## Problem requirements
In the listing below, print exactly the lines between the line holding "Nevermore Edits" and the line holding "John Cena Wallpapers", inclusive, and no more.

## Excerpted records

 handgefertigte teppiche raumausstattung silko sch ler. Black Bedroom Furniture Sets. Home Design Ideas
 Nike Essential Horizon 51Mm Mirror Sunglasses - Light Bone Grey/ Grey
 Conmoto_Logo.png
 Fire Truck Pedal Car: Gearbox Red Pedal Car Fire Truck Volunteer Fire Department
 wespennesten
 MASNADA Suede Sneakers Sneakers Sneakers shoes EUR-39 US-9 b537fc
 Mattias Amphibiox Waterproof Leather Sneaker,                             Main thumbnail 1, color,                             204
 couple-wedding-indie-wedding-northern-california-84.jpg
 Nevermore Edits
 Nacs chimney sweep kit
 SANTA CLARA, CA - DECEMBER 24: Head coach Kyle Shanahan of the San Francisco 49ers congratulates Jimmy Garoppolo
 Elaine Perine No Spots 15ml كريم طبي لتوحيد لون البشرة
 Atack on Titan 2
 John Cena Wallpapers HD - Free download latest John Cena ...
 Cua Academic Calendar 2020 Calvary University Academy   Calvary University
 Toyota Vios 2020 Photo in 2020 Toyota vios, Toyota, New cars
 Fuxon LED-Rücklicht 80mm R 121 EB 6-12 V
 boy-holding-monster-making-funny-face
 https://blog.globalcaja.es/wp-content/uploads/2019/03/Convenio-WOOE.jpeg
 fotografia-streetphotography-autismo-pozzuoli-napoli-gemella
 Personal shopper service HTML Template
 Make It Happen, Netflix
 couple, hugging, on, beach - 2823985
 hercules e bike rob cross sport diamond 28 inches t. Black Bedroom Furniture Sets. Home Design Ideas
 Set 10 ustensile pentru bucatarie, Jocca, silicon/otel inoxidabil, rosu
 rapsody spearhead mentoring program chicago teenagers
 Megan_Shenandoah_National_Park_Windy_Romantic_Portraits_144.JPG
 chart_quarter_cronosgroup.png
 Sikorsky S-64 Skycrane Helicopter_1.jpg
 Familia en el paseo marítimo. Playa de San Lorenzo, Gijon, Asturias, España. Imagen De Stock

## Answer below
 Nevermore Edits
 Nacs chimney sweep kit
 SANTA CLARA, CA - DECEMBER 24: Head coach Kyle Shanahan of the San Francisco 49ers congratulates Jimmy Garoppolo
 Elaine Perine No Spots 15ml كريم طبي لتوحيد لون البشرة
 Atack on Titan 2
 John Cena Wallpapers HD - Free download latest John Cena ...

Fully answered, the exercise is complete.